Thanks for your comments and thoughts,
You raised interesting concepts here that I didn't think about them before. You are right, I may perhaps haven't explained what the objective of this exercise. I assume this is similar to censoring in survival analysis (but with continuous data), showing in which group the injection site volume resolves sooner- by using the volume data. So, the number of zero in a group means that injection site resolved soon. 

Re aggregation vs. hierarchical approaches, as you pointed out I have 25/group (75 total) with 10-13 observations for each participant.
So, I am not sure to consider this as small or big sample size (or data points) to make a decision about one of these objections. I assume I can run both and see the difference, as you suggested.

Thanks again!
Ahmad

-----Original Message-----
From: Anthony R. Ives <arives at wisc.edu> 
Sent: Wednesday, 4 April 2018 7:28 PM
To: Ahmad <ahmadr215 at tpg.com.au>
Cc: 'r-sig-mixed-models' <r-sig-mixed-models at r-project.org>
Subject: Re: [R-sig-ME] adding a constant to a continuous dataset with zero values- to use the log transformation

Ahmad,

I committed the sin of answering your question before understanding your question. Sorry. My answer now is completely different.

It seems like in your study, you have 75 independent data points (participants). For each participant, the information is the rate of resolution, so the question is how to best characterize this. This depends on the pattern of the data. I’m assuming that you have enough observations per participant, so that you can get a reasonable estimate of the resolution rate for each participant. I’m also assuming that you are interested in log-transforming the data because the injection site volume decays exponentially. If you ignore the zeros for the moment and look at the residuals from fits to each of the 75 participants taken separately, if they look okay (i.e., linear and no obvious heteroscedasticity) on the log scale, then taking the slope is probably fine. I might just ignore the zeros altogether if they don’t add information about the rate of resolution. The goal of the fitting is to get a single number for each participant that best describes the resolution rate. Getting a good description of the resolution rate is a biological question, not a statistical one. You are not going to be using the error structure of these fits to the data from individual participants in your hypothesis test. The hypothesis test would be on the 75 points (resolution rates) for the participants, for which you could use an ANOVA or regression treating each participant as independent.

Of course, this suggestion assumes that you can get reasonable resolution rates for each participant. 
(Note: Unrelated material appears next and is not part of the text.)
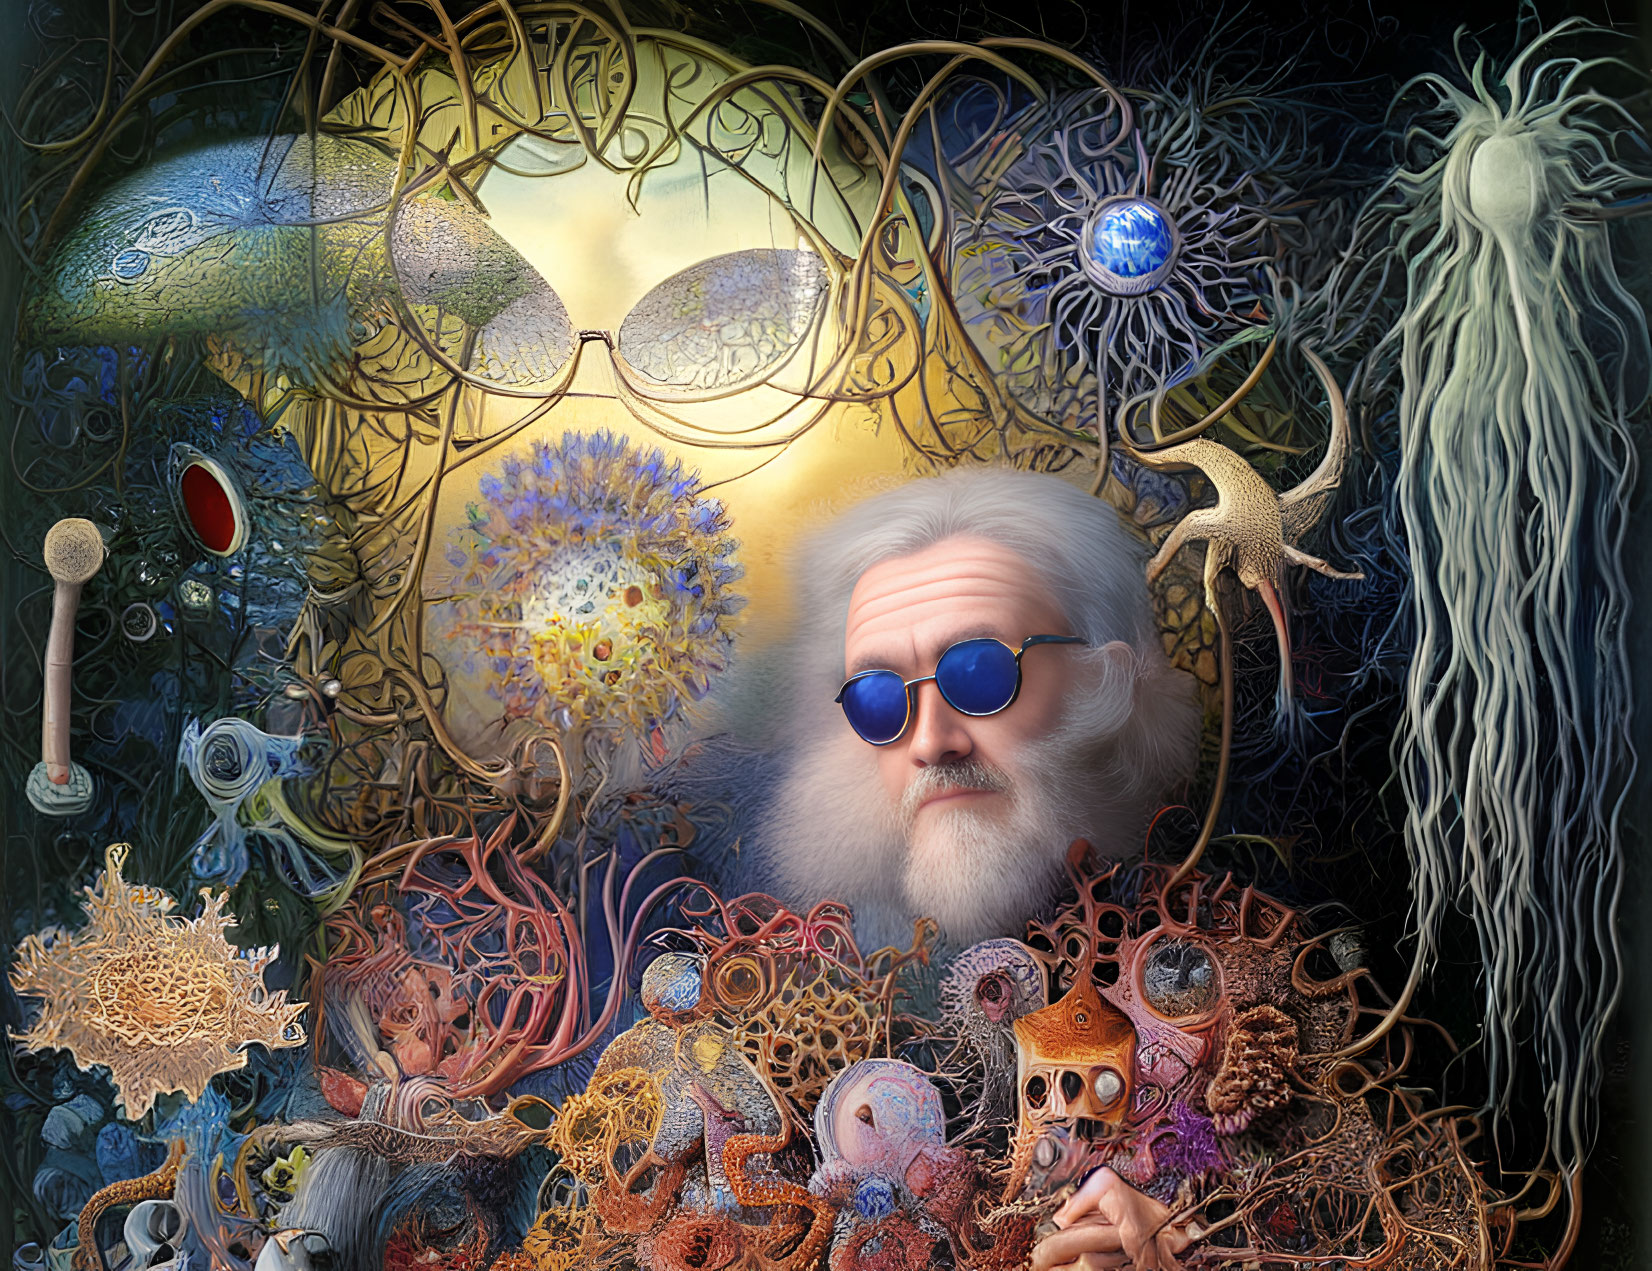 Surreal portrait of man with white beard and blue sunglasses among marine life motifs

I’ve often had colleagues enthuse about hierarchical models because they “use all of the data”; there are more data points than would be the case if you aggregate data (such as I’m suggesting – aggregating the observations for each individual to a single value). However, your data are highly correlated, so if you correctly account for this correlation, then you really have only 75 points. A hierarchical model might help in getting better fits for each participant if you have few observations, but a hierarchical might also cause more statistical problems that are hard to detect. If your treatment effect is strong, aggregating observations to the participant level should detect it. If a test on the aggregated doesn’t detect a pattern while a hierarchical model does, I’d be highly suspicious of the hierarchical model.

Cheers, Tony

On 4/3/18, 7:46 AM, "Ahmad" <ahmadr215 at tpg.com.au> wrote:

    Hi Tony + Thierry

    Thanks for your comments and thoughts,
    To answer your first question, these are injection site volume data (cm^3) after injecting a vaccine at X2 and 4X (safety study).
    So the injection site volume may resolve sooner in some groups/participants than the others, and then become undetectable (can't be seen with naked eye nor measured) , so these  are considered zero volume. Because this is a repeated measures dataset (continuous data) for a period of 60 days- I assume I need to compare the dataset for the entire 60 days for all treatment groups (and some with zero values). Hope this answers your question.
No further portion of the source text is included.